Repeat verbatim, and only, the lines of the data below, beginning at the line that contains "packs in a box)" and stopping after the line that contains "Milano Mitt White".
DATASET START
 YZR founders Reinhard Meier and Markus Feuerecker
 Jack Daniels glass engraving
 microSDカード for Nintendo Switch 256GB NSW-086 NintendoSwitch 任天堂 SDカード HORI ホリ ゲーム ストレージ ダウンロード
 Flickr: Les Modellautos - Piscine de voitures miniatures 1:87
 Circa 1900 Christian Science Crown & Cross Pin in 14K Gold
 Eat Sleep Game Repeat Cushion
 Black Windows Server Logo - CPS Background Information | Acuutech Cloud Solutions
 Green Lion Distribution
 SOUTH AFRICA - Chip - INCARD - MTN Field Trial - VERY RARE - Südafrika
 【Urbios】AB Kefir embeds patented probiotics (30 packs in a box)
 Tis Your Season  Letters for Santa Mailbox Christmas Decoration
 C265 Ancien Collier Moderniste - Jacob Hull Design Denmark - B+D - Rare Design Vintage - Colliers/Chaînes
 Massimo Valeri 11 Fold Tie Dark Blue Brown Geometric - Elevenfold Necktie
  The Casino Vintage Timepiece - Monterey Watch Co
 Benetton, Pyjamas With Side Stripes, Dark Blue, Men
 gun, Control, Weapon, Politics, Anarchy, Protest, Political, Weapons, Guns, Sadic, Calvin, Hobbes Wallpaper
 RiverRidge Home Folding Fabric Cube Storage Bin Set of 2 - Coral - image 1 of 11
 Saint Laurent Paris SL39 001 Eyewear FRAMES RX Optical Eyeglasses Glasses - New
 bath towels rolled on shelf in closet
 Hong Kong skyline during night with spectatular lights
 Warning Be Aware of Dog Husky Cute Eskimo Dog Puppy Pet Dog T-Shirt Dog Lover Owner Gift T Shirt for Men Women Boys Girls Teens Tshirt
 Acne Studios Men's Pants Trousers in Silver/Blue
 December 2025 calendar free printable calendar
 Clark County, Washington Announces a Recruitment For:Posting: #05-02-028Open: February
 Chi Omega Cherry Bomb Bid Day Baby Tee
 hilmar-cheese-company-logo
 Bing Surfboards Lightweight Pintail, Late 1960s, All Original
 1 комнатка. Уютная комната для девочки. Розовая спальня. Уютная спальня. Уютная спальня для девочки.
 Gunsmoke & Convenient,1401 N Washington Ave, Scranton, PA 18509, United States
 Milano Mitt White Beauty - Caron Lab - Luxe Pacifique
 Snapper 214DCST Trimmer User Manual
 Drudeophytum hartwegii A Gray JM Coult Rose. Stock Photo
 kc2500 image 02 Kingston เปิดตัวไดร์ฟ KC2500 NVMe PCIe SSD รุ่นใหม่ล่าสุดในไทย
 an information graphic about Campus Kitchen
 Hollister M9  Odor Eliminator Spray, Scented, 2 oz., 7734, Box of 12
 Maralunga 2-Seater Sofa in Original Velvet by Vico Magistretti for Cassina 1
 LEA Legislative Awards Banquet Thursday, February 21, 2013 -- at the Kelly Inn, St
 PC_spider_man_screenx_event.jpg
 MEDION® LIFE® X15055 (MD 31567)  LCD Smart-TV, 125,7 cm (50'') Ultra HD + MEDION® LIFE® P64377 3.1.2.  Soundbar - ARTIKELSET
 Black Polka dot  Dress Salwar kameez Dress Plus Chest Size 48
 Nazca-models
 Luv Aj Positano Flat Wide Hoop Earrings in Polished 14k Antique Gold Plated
DATASET END
__ANSWER BOX__:
 【Urbios】AB Kefir embeds patented probiotics (30 packs in a box)
 Tis Your Season  Letters for Santa Mailbox Christmas Decoration
 C265 Ancien Collier Moderniste - Jacob Hull Design Denmark - B+D - Rare Design Vintage - Colliers/Chaînes
 Massimo Valeri 11 Fold Tie Dark Blue Brown Geometric - Elevenfold Necktie
  The Casino Vintage Timepiece - Monterey Watch Co
 Benetton, Pyjamas With Side Stripes, Dark Blue, Men
 gun, Control, Weapon, Politics, Anarchy, Protest, Political, Weapons, Guns, Sadic, Calvin, Hobbes Wallpaper
 RiverRidge Home Folding Fabric Cube Storage Bin Set of 2 - Coral - image 1 of 11
 Saint Laurent Paris SL39 001 Eyewear FRAMES RX Optical Eyeglasses Glasses - New
 bath towels rolled on shelf in closet
 Hong Kong skyline during night with spectatular lights
 Warning Be Aware of Dog Husky Cute Eskimo Dog Puppy Pet Dog T-Shirt Dog Lover Owner Gift T Shirt for Men Women Boys Girls Teens Tshirt
 Acne Studios Men's Pants Trousers in Silver/Blue
 December 2025 calendar free printable calendar
 Clark County, Washington Announces a Recruitment For:Posting: #05-02-028Open: February
 Chi Omega Cherry Bomb Bid Day Baby Tee
 hilmar-cheese-company-logo
 Bing Surfboards Lightweight Pintail, Late 1960s, All Original
 1 комнатка. Уютная комната для девочки. Розовая спальня. Уютная спальня. Уютная спальня для девочки.
 Gunsmoke & Convenient,1401 N Washington Ave, Scranton, PA 18509, United States
 Milano Mitt White Beauty - Caron Lab - Luxe Pacifique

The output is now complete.